Читаем Федор Достоевский полностью

«Я получил „Дон Карлоса“, – пишет ему Федор, – и спешу отвечать как можно скорее (времени нет). Перевод весьма хорош, местами удивительно хорош, строчками плох; но это оттого, что ты переводил наскоро. Но, может быть, всего-то пять, шесть строчек дурных. Я взял смелость кое-что поправить, также кой-где сделать стих позвучнее… Я отнесу его этим дуракам в „Репертуар“. Пусть рты разинут… За мелочь не продам, будь покоен».

Он загорается новым проектом: издать полное собрание сочинений Шиллера тремя выпусками: «Насчет издателей посмотрим. Но штука в том, что гораздо лучше самим».

На листочке бумаги он торопливо прикидывает расходы: столько-то на бумагу, столько-то на обложку, на печатание, на брошюрование… Как будто все учтено. И тем не менее затея проваливается. В чем причина? Да в его службе чиновника, черт возьми!

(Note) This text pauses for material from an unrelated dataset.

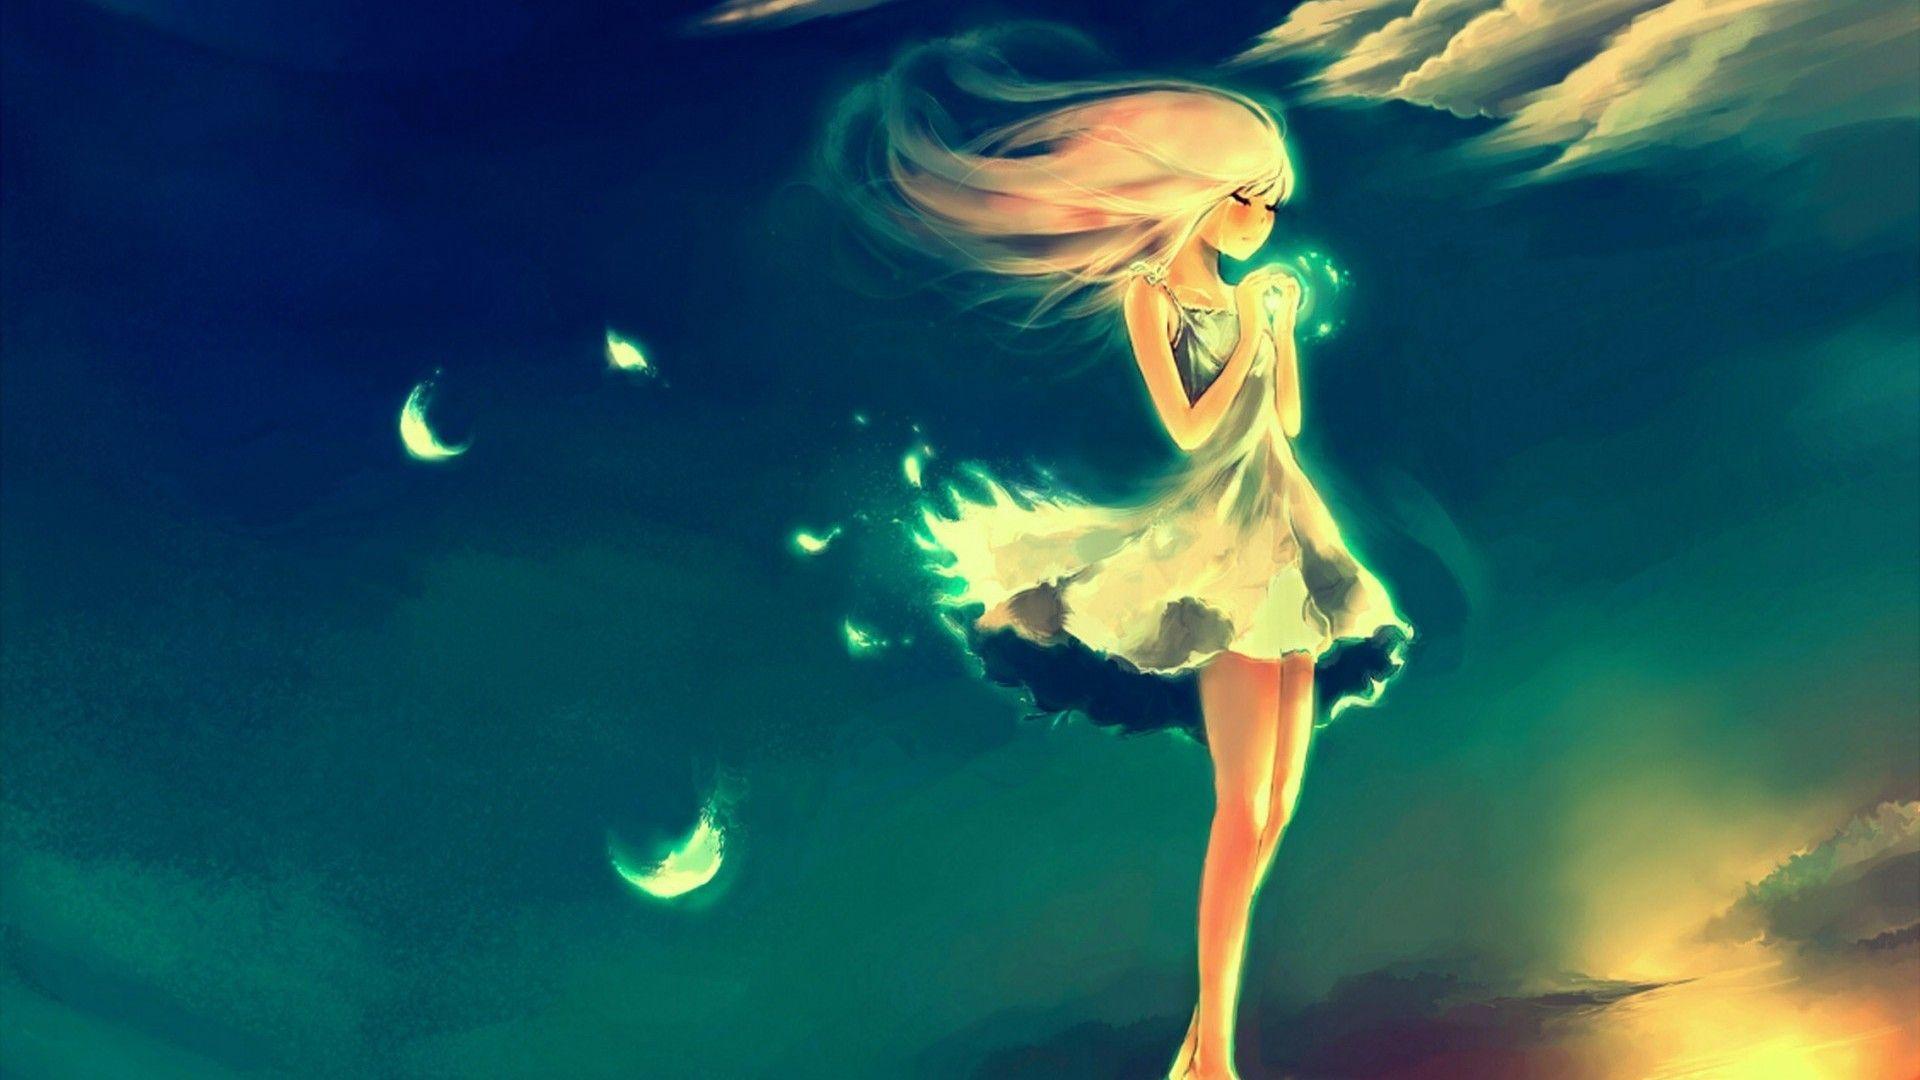 Alone Sad Anime Wallpapers - Top Free Alone Sad Anime ...

30 сентября 1844 года он пишет брату Михаилу:

«Ну, брат… я в адских обстоятельствах; вот я тебе объясню: Подал я в отставку, оттого что подал, то есть, клянусь тебе, не мог служить более. Жизни не рад, как отнимают лучшее время даром… А наконец, главное: меня хотели командировать – ну, скажи, пожалуйста, что бы я стал делать без Петербурга».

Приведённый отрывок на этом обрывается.